The bitmaps are passed down to some other indexing structure where they are used for doing quick filtering while scanning , these consumers are typically in cpp language and the scale of documents in index can range from 100k to 10M , with latency requirements < 20-30 ms at P90 . Hence we are restricted to build this bitmap indexes natively in the same service , so that we dont have to pay extra cost on translation of ids (bitmaps needs to be build on same ids as the consumers) , serializing and network overheads or any jni/pythong bindings copies.
Also is it possible to use these bitmaps on floating point values . Currently our use are build some index snapshot and then serving does read only queries . In future we might need incremental builds , deletion , and updates support
It's possible to port the implementation to C++, and the serialisation format should be portable so it should support scenarios where one language is used to build the bitmap and another is used to consume it.

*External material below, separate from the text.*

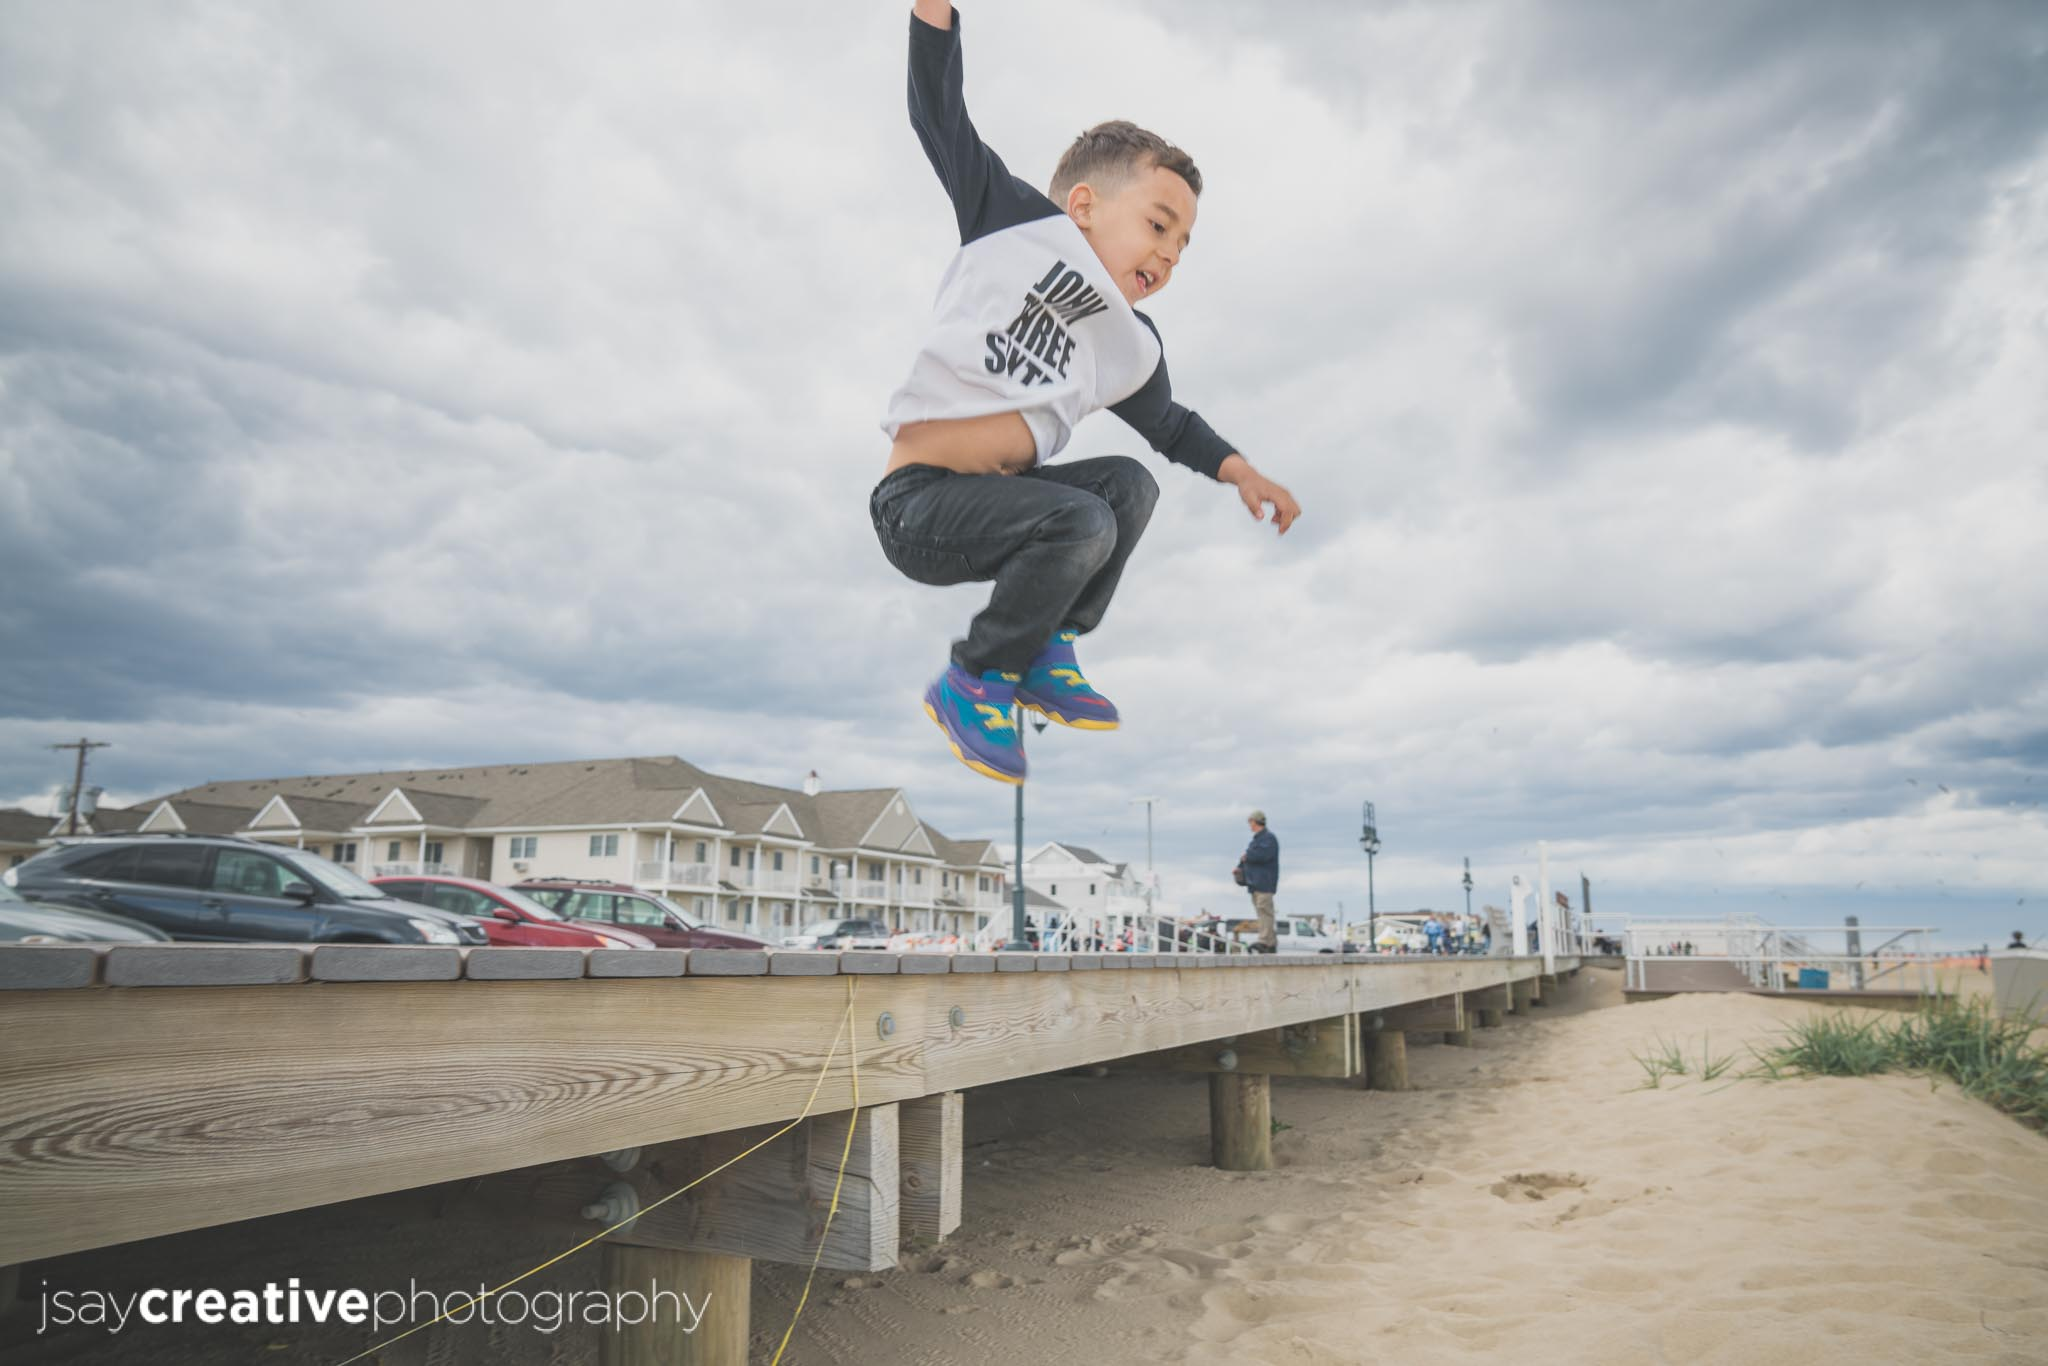 Adorable, Baby, Beach, Beautiful Family, Belmar, Belmar Beach, Boy Jumping Off The Board Walk, Children, Family, Family at Belmar Beach, Family at the Beach, Family at the Jersey Shore, Jersey Shore, New Jersey, Ocean, Son, shore

I may get around to doing that within the next fortnight, if someone else wants to do it it might be a faster turnaround. 20-30ms for 10M is easily achievable in Java, the filtering at that row count should take microseconds.
Also is it possible to use these bitmaps on floating point values . Currently our use are build some index snapshot and then serving does read only queries . In future we might need incremental builds , deletion , and updates support
In Pinot (which is the only place this class is used and was the sole motivation for use within range indexes) floating point values are encoded with the order-preserving transformation here. I doubt Pinot was the first or only system to use this kind of order preserving encoding.
@richardstartin : good to know that even in java these are 20-30 ms. Yes most of our index building logic could come froma. different language. On the serving side due to high QPS and low latency requirement we have a cpp runtime for filter execution . Another question : we have queries like country = us and age > 30 and distance < 0.4 , it is possible to take unions and intersection between a normal bitmap and range bitmap . I read one of your blogs regading range bitmap example and found that it perfectly fits our use case.
I will take a look at the float order-preserving transformation as well. Thanks for all your help , really appreciate the response
Describe the bug MutableBitSliceIndex.rangeEq returns incorrect results when predicate is greater than max value.
To Reproduce Create a MutableBitSliceIndex, add a few values and then invoke rangeEq with predicate greater than the max value that was added. It should return wrong results.